I'm back again to talk about diabetes.
Some of you know that a friend of mine just died from sepsis, due to an uncontrolled infection which was a complication of having diabetes. She left a 21 year old son and 25 year old daughter. It's very very sad.
While it sad, it's partly her fault. It hurts me to write that. I don't want to write it.
But she would never try to change her eating habits relying on doses of insulin instead. She refused to stop eating white bread, processed foods or alcohol. She was never much of a person to have sweets however.
It sucks having diabetes. My husband does. Frankly I'd love to be on the HoHo's, Wagon Wheel and McDonald's diet if they said it wouldn't kill me. I love junk food, but I no longer eat it.
And nowadays I don't miss it.
It's funny when you stop eating things like that and start cooking fresh decent meals, that you lose the cravings for crap.

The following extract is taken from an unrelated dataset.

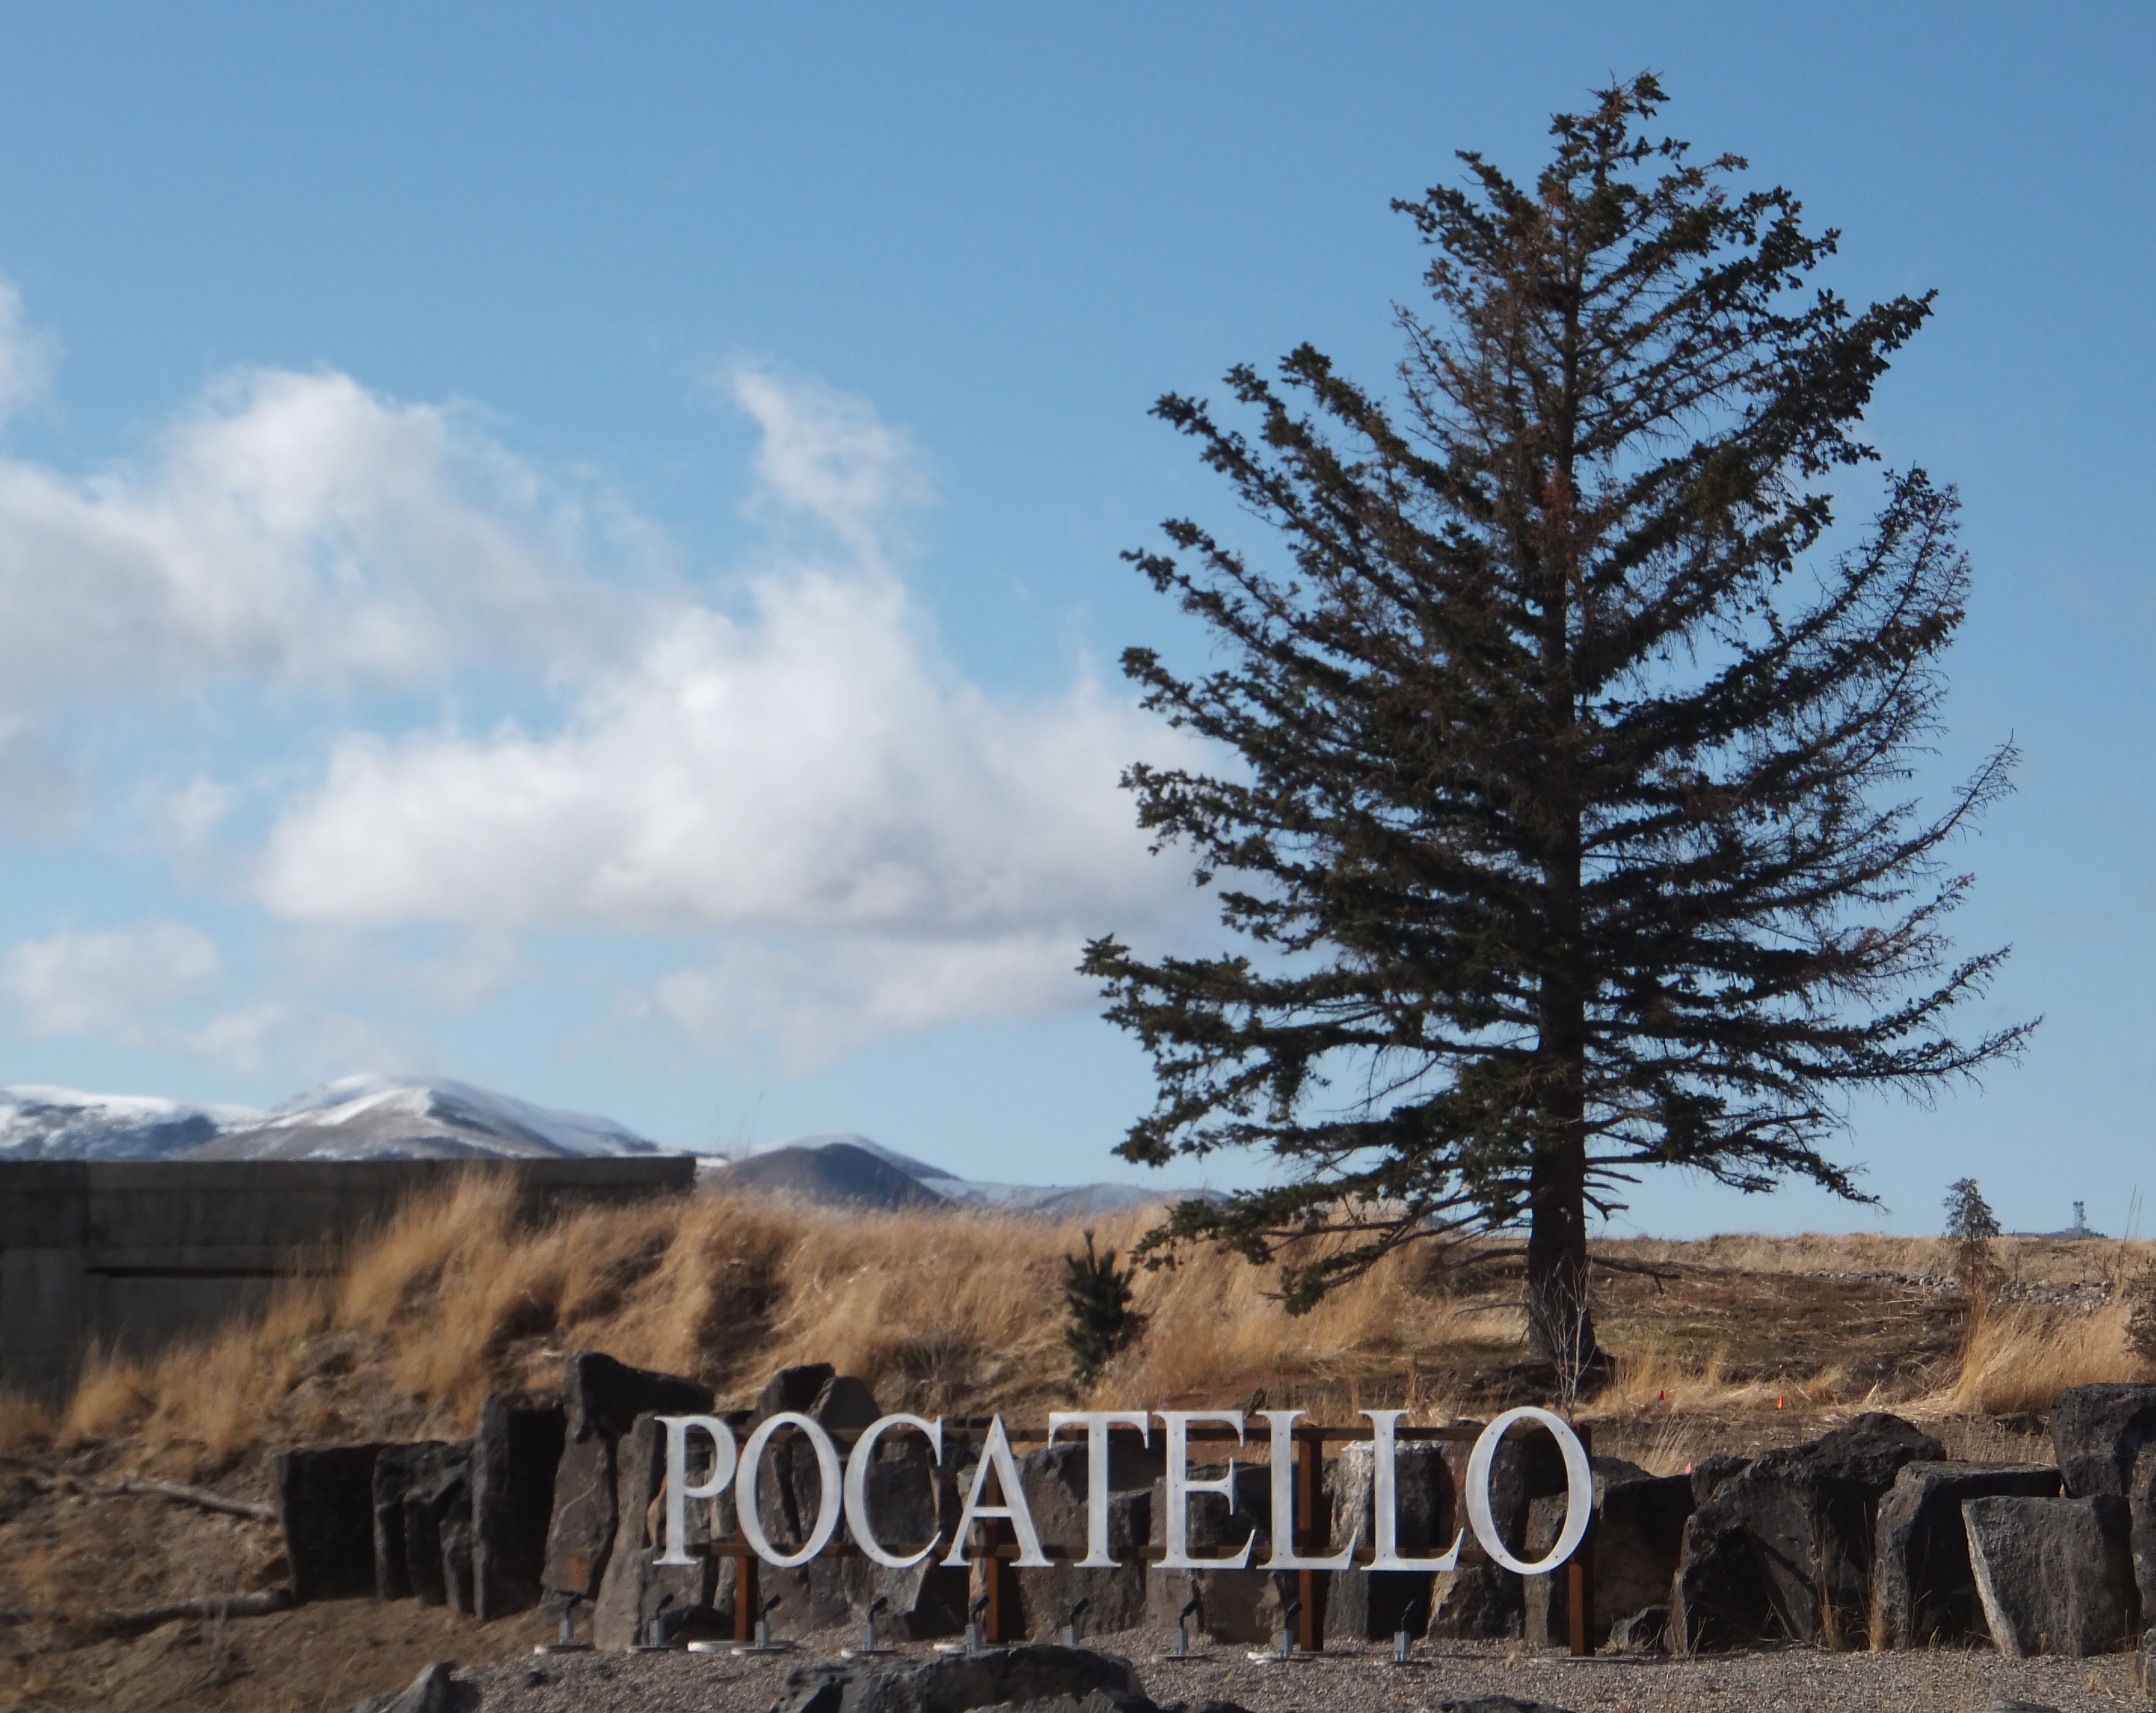 New Pocatello Sign DSCF4987.jpg

I beg people to eat right. Learn to cook. Think about the future.
I recently read about an 89 year old man, who has had diabetes since he was 12 years old. People with juvenile diabetes back then rarely lived long. He did. But there was no testing at home then, no real belief that humans could control their sugar levels.

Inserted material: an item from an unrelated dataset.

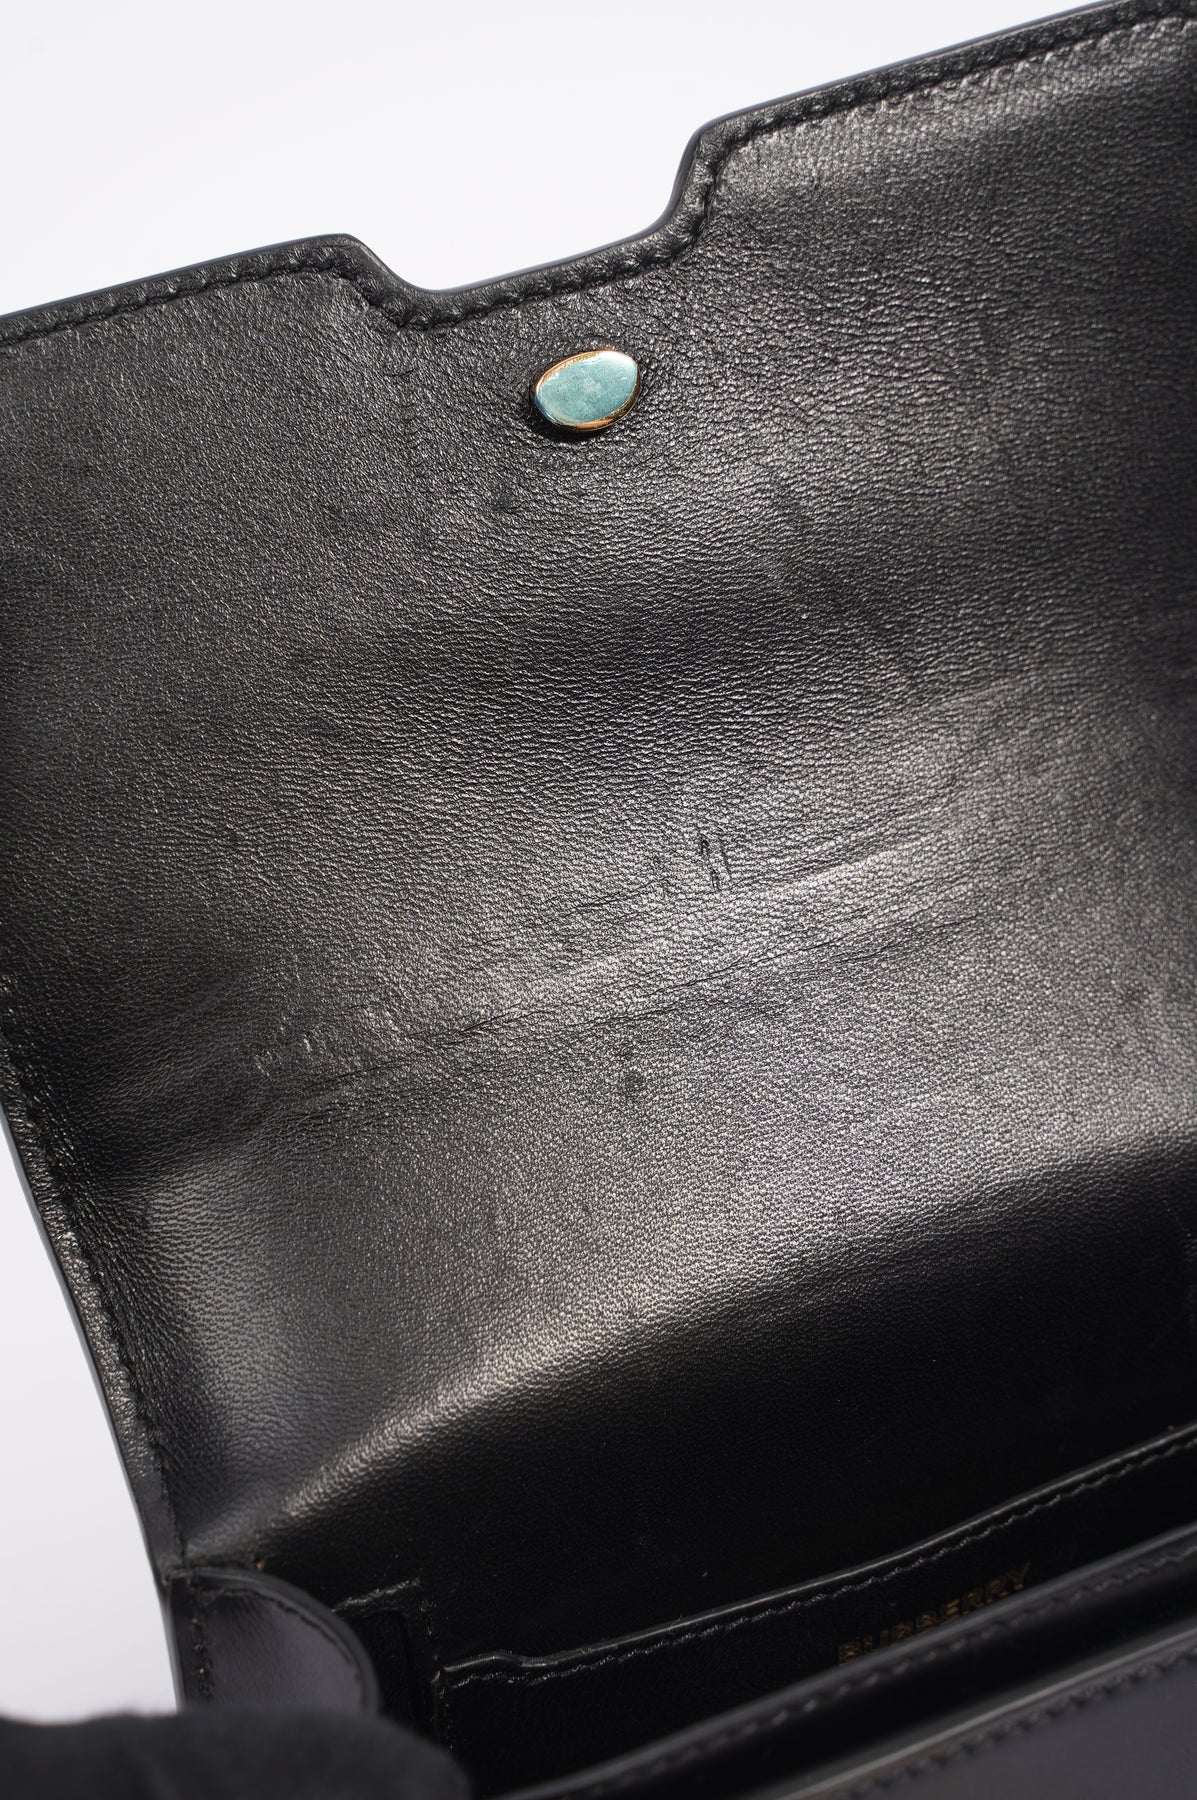 Burberry Tb Chain Detail Belt Bag in Black

He studied and became an engineer and married a doctor. Eventually a portable blood monitor became available to doctors only. He was tired of being at the mercy of this awful disease. So his wife ordered one. He started taking his levels up to 8 times a day carefully recording what he'd eaten. Eventually he understood.
But no one would listen. So at age 45 he went back to school and became a doctor in hopes that someone would hear him. His approach is rather radical, but the proof is in the unsweetened pudding.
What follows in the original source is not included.